Wednesday, January 20, 2021
Home Safety S.A.F.E. Alerts to be Offered Nationwide to School Districts

S.A.F.E. Alerts to be Offered Nationwide to School Districts

The Safety Alerts For Education (S.A.F.E.) mobile phone application is a geographical alert system that can be used in emergency situations and is designed for school districts. Currently, the app is only available to New Hampshire and Massachusetts school districts, but it is scheduled to be released nationwide on April 19.

S.A.F.E was created by the same developers, Ping4, as Massachusetts Alerts in 2011. This system was used in the Boston Marathon bomber manhunt and in the aftermath of Hurricane Sandy.

“We got into it because we were in the right place at the right time to do something meaningfully good,” Jim Bender, CEO and founder of Ping4, told School Transportation News.

The S.A.F.E. discussion started after the Parkland shooting on Feb. 14 last year. Following the shooting, there were several student protests, in which students wanted to improve the safety of their schools.

“We started to realize a lot of students perceive that their schools aren’t as safe as they should be, or that they need to be,” Bender said. “And if there is this wide of a perception that schools aren’t as safe as they need to be, that undermines the whole educational system of our country.” That’s because, “students aren’t going to be learning as well as they should be, if they don’t feel safe, and teachers won’t be teaching as well as they should be,” Bender stressed.

The system is based on geographic proximity. School districts can add latitude and longitude, and a geofence can be set up in any shape; a circle, square or polygon around their school and community.

“You can have a 200-sided polygon if you wanted,” Bender said. “And if you happen to be within the boundaries of that, if your phone is in the boundaries of that, then your phone will get the signal being sent out.”

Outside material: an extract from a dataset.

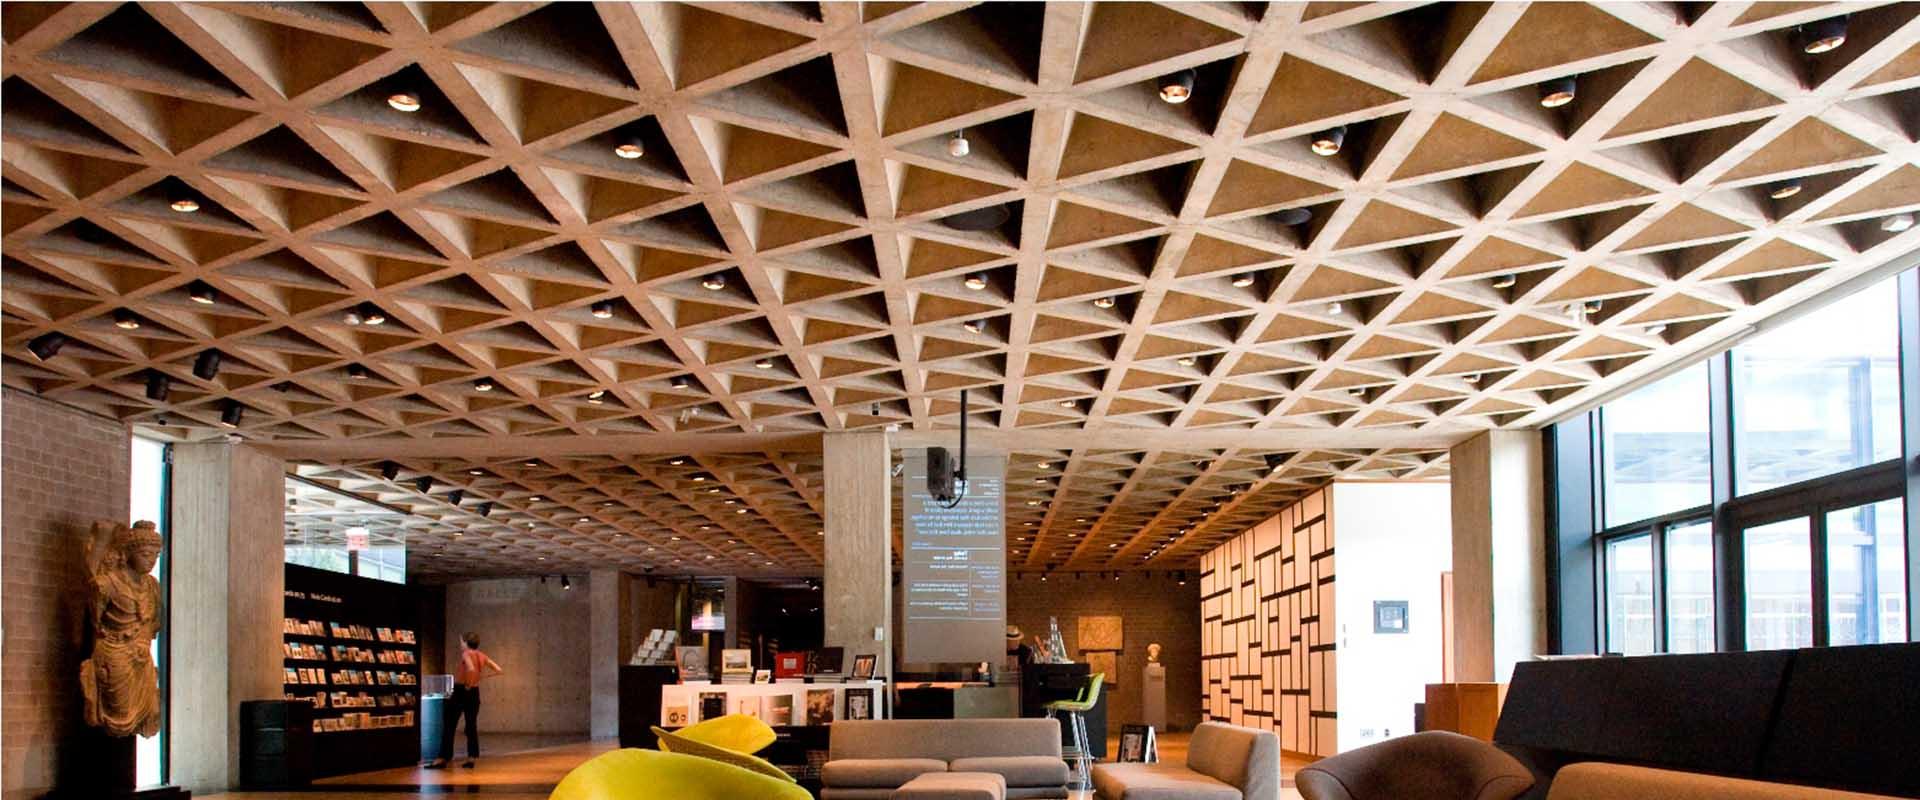 پروژههای مطرح ساخته شده با سقف وافل
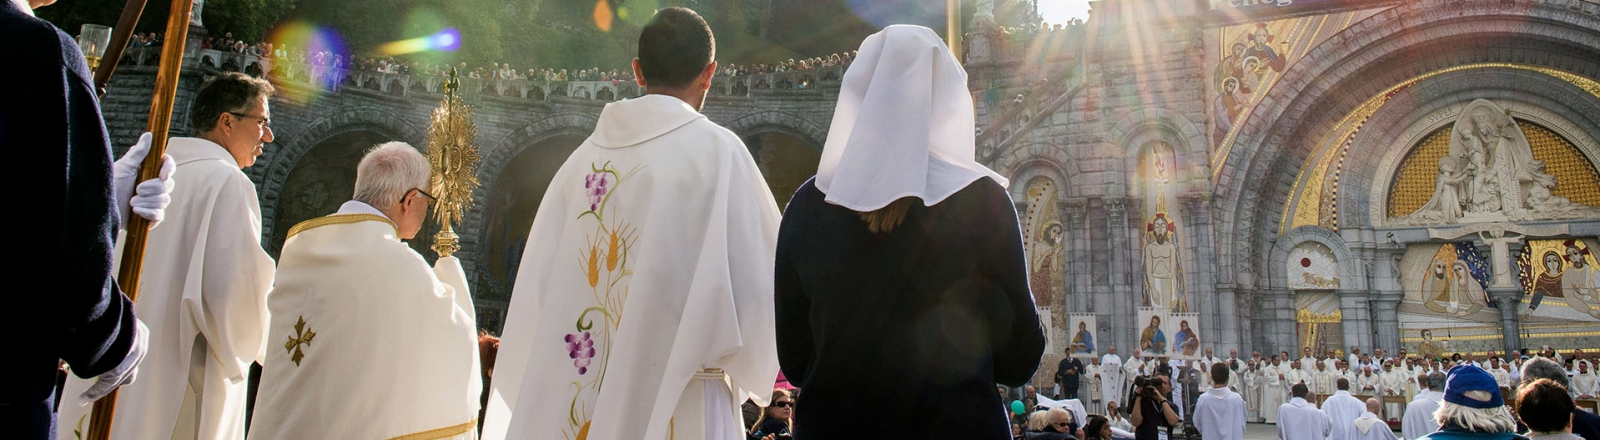 Hospital saint sacrament rendez vous dating

Alerts can be sent in all forms of videos, text messages, links, audio, photos, and so on. If a user receives an alert, they can reply directly back to the sender with a photo of their location, or a text message with more information. Bender said this function is extremely helpful for law enforcement.

“We can send up to a million messages per minute with this,” Bender said. “So even in an extreme crisis, in a widespread calamity, this system is less likely to get overwhelmed than almost anything else you can think of.”

School districts officials can sign up their school by visiting the Ping4 website and entering their details. Within a matter of days, they will receive their credentials for S.A.F.E. It would then be the school’s responsibility to inform its community and students to download the app onto their phones. The app is required to receive the safety notifications and alerts.

When school districts are signing up, they should be cognitive of their bus routes, Bender noted. There are two ways the bus drivers and students who are riding the bus to and from school can receive the safety alerts. Their school district can set-up the geofence to include all bus routes, or the students and drivers can set that school as a “watched location.” This feature can also benefit parents.

“Let’s say you were the mother of four children who attended four different schools, and you could be traveling anywhere in the world. If any of your four schools (that you set a watched location for) had an alert, you would get the alert too,” Bender said.

Another system feature is the receipt of alerts anywhere via app. If someone is visiting another town that has the safety alerts set up, the visitor would be able to receive any alerts that are sent out—as long as they are in the proximity of that geofence and have downloaded the application.

The system is currently available in 500 schools in New Hampshire, which Bender said is nearly the entire school population. Due to its success, Ping4 opened the system to schools in Massachusetts on March 25, and Bender said the company plans to release it nationwide in about two weeks.

School Transportation News reached out to the superintendent of Manchester School District in New Hampshire for comment on the S.A.F.E. system, but had not heard back at the time of this writing. Previously, Manchester School District’s school board voted to implement this program into its schools on May 29 of last year.